I AM sure you have a good chance. In many areas there are vacancies now, and this autumn many governors complete their term of service.
You do not say whether your local school is a church-aided school or a community (until recently called a county) school. In the former case your only route is through appointment by the providing church. The simplest thing is to write to the vicar and ask if they need volunteers. They have plenty of interest among church members, and would want to be satisfied that you are sympathetic to their ethos.
Your chances in a community school are much better, as they have representatives of the local education authority and co-opted governors - between two and four of each in a primary, and five of each in a large comprehensive.
Many LEAs have abandoned the tradition of getting governors through politcial parties and are happy to have volunteers wth something to offer. Some even advertise. If yours is one of these, write to the governor services department at your local county or borough education department with a brief curriculum vitae and a statement of your interest.
If you became an LEA appointee you would not be obliged to toe any particular line.
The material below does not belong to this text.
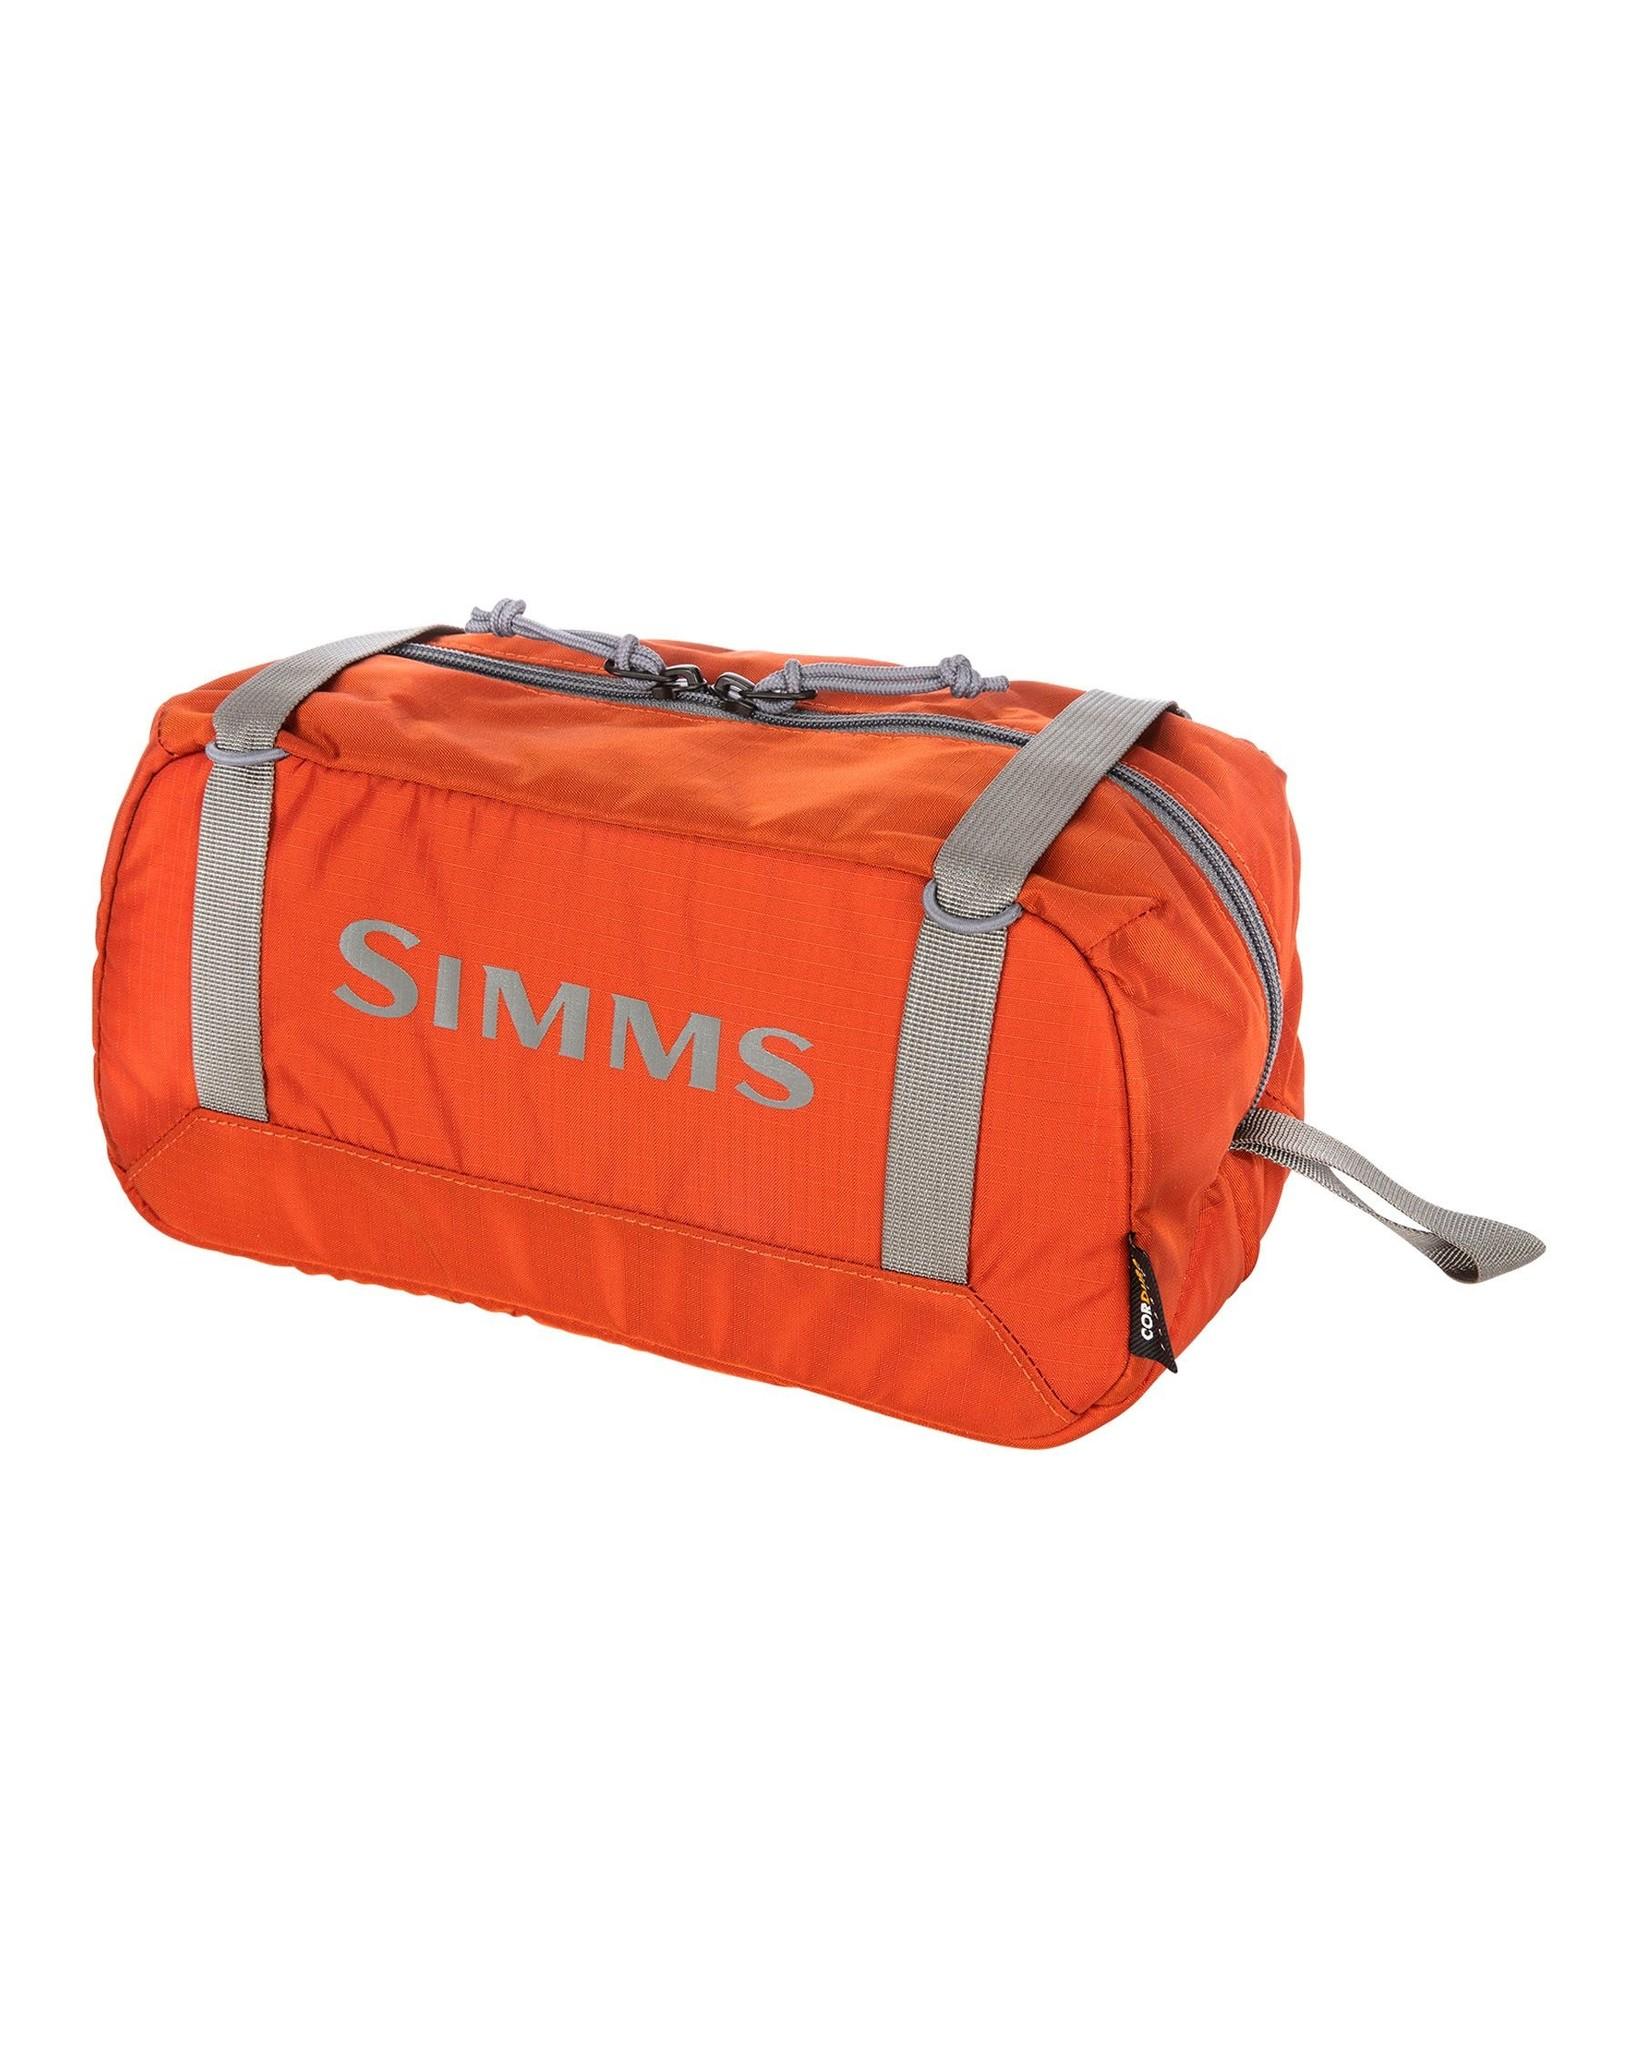 SIMMS SIMMS GTS PADDED CUBE - MEDIUM

But you should perhaps take a somewhat broader view than a teacher or parent-governor might, and be familiar with and prepared to explain the LEA's policies.
If you are co-opted you don't have that obligation, but perhaps might bring a distinctive point of view as a neighbour of the school on behalf of its wider community.
Regardless of who they represent or who appoints them, most governors understand that they are there first and foremost to consider the interests of the children.
If you want to be a co-opted governor you should write to the chair of governors at the school, again enclosing a note about yourself and asking to be considered when there is a vacancy. The other governors choose the co-optees as and when there are vacancies.